Question

If a real valued function \(f : A \to B\) defined by \(f(x)=|x|-[x]\) is a bijection, then \(A\) and \(B\) are respectively:

• A. \((-\infty,0]\) and \([0,\infty)\)
• B. \([-3,-2)\) and \((5,6]\)
• C. \([1,2)\) and \([3,4)\)
• D. \([0,\infty)\) and \([0,1)\)

Hint:

For functions involving modulus and greatest integer function, always split the domain into intervals where \([x]\) remains constant.

Answer 1

The Correct Option is B

Concept: The greatest integer function \([x]\) gives the greatest integer less than or equal to \(x\). For the function: \[ f(x)=|x|-[x] \] we analyze different intervals separately because modulus and greatest integer functions behave differently for positive and negative values. For a function to be bijective:

• It must be one-one (injective)

• It must be onto (surjective)

Step 1: Analyze the function for negative values of \(x\).
If \(x<0\), then: \[ |x|=-x \] Thus, \[ f(x)=-x-[x] \] Take \(x\in[-3,-2)\). For this interval: \[ [x]=-3 \] Hence: \[ f(x)=-x+3 \] Now evaluate the range. At \(x=-3\), \[ f(-3)=3+3=6 \] As \(x\to -2^{-}\), \[ f(x)\to 5 \] But \(5\) is not included. Therefore: \[ f(x)\in(5,6] \]

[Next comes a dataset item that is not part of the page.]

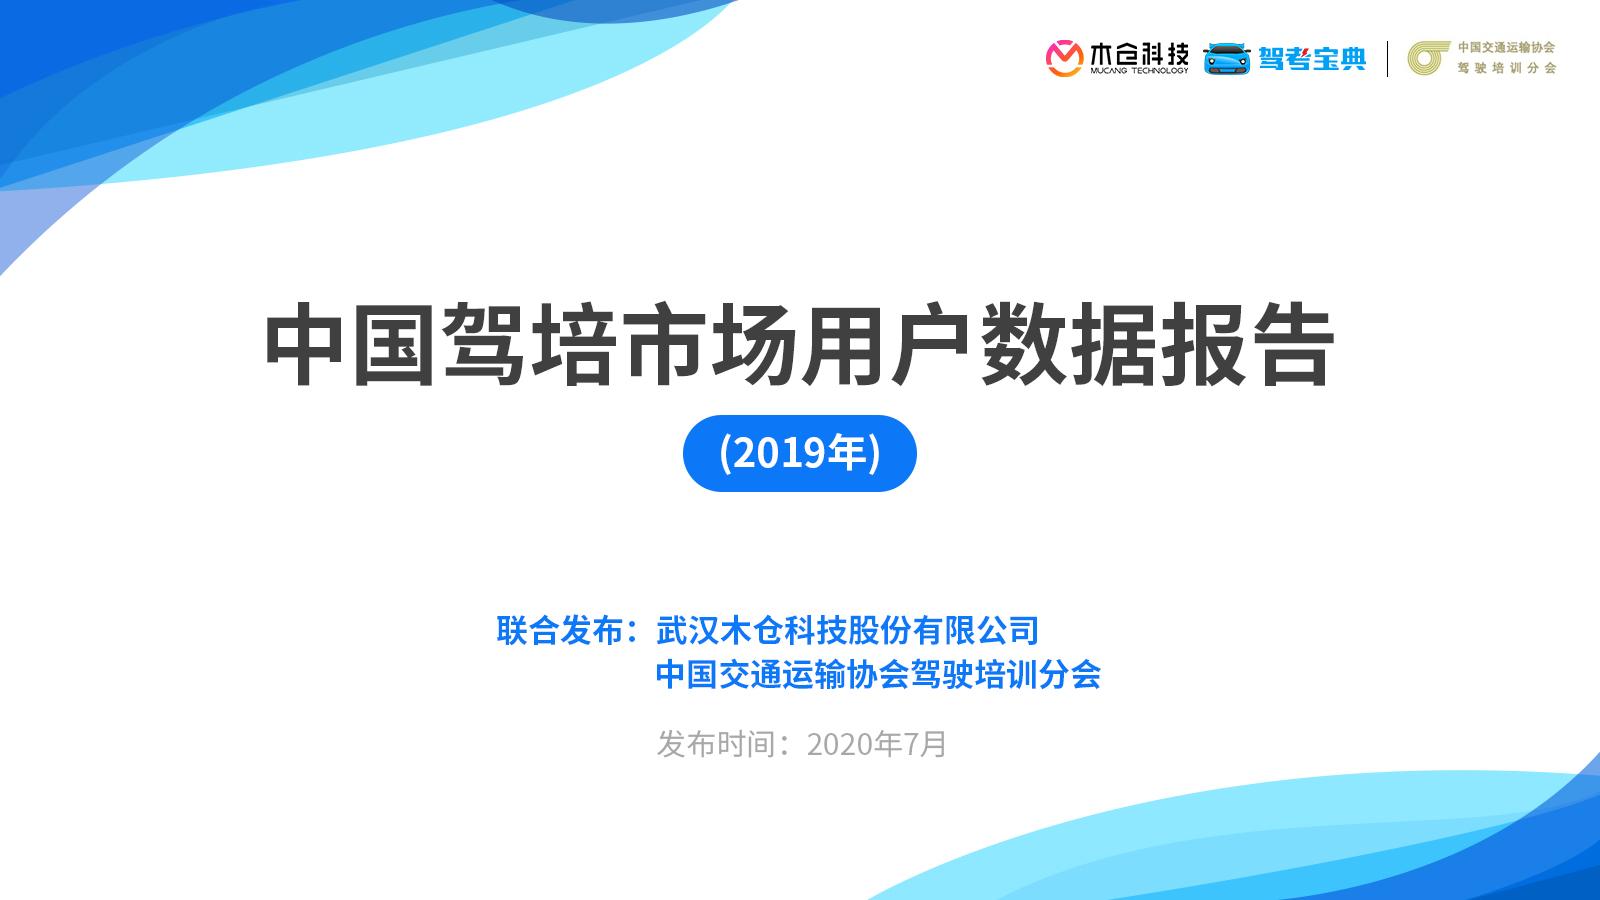 木仓科技联合中国交通运输协会驾驶培训分会发布《中国驾培行业用户数据报告(2019)》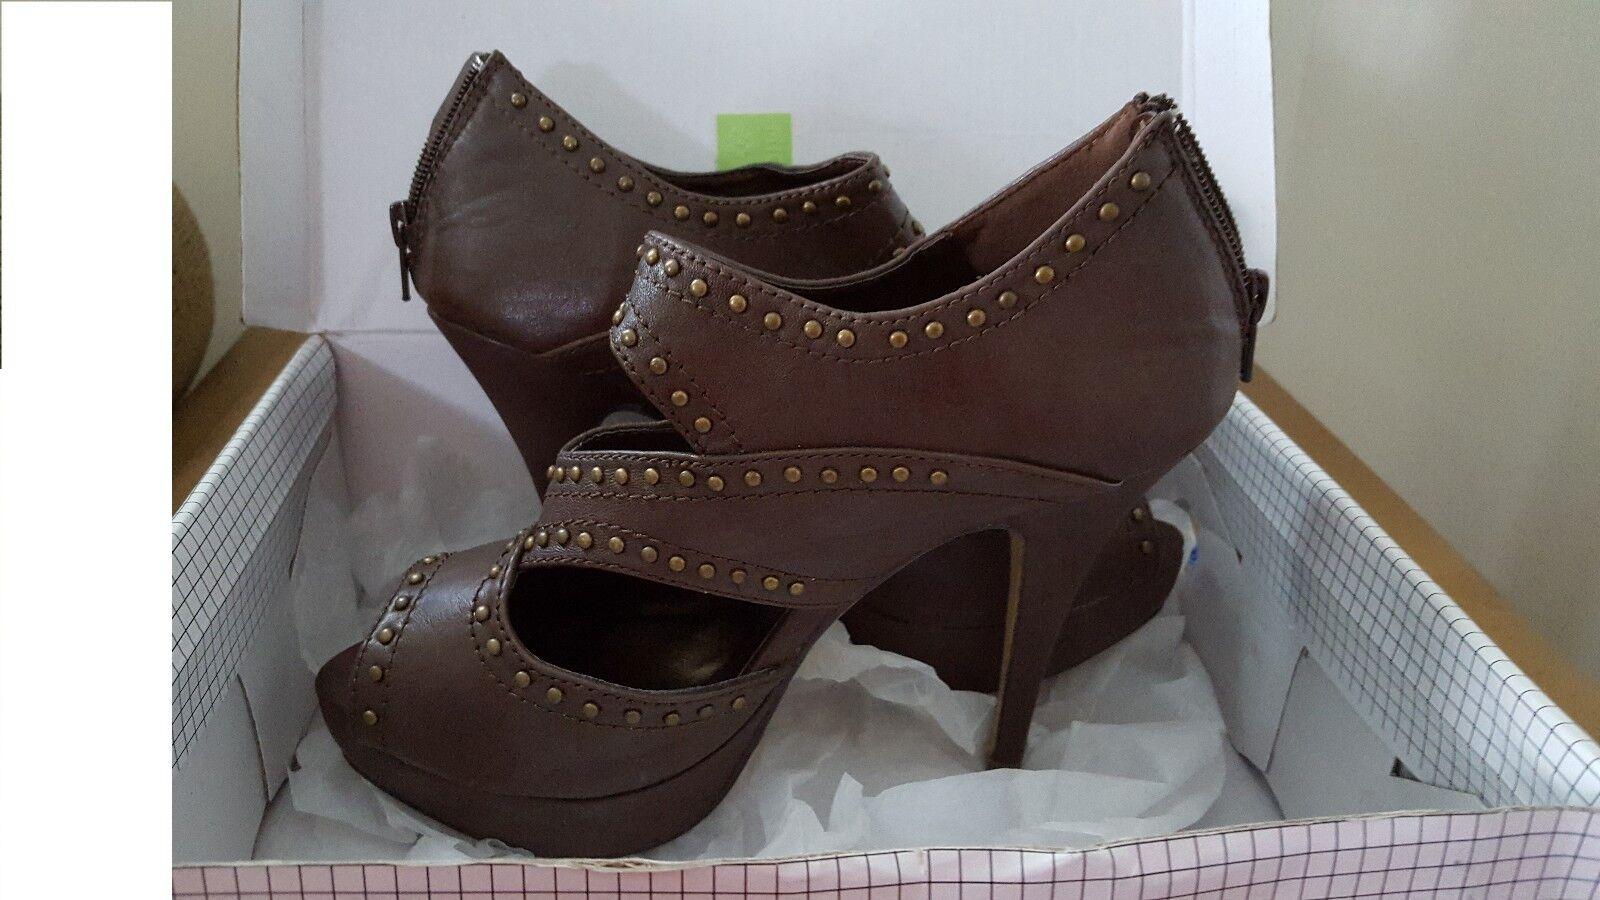 MISS ME schuhe Größe 8.5 braun stilettos studded Stiefelies NEW box Rock & roll style

Step 2: Check whether the function is one-one.
On the interval \([-3,-2)\), \[ f(x)=-x+3 \] which is a linear strictly decreasing function. Hence different values of \(x\) produce different function values. Therefore, the function is injective.

Step 3: Check onto property.
The obtained range is exactly: \[ (5,6] \] which matches the codomain. Thus every element of \(B\) has a pre-image in \(A\). Hence the function is surjective.

Step 4: Choose the correct option.
Thus the bijection is: \[ A=[-3,-2) \] and \[ B=(5,6] \] Hence the correct answer is: \[ \boxed{[-3,-2)\text{ and }(5,6]} \]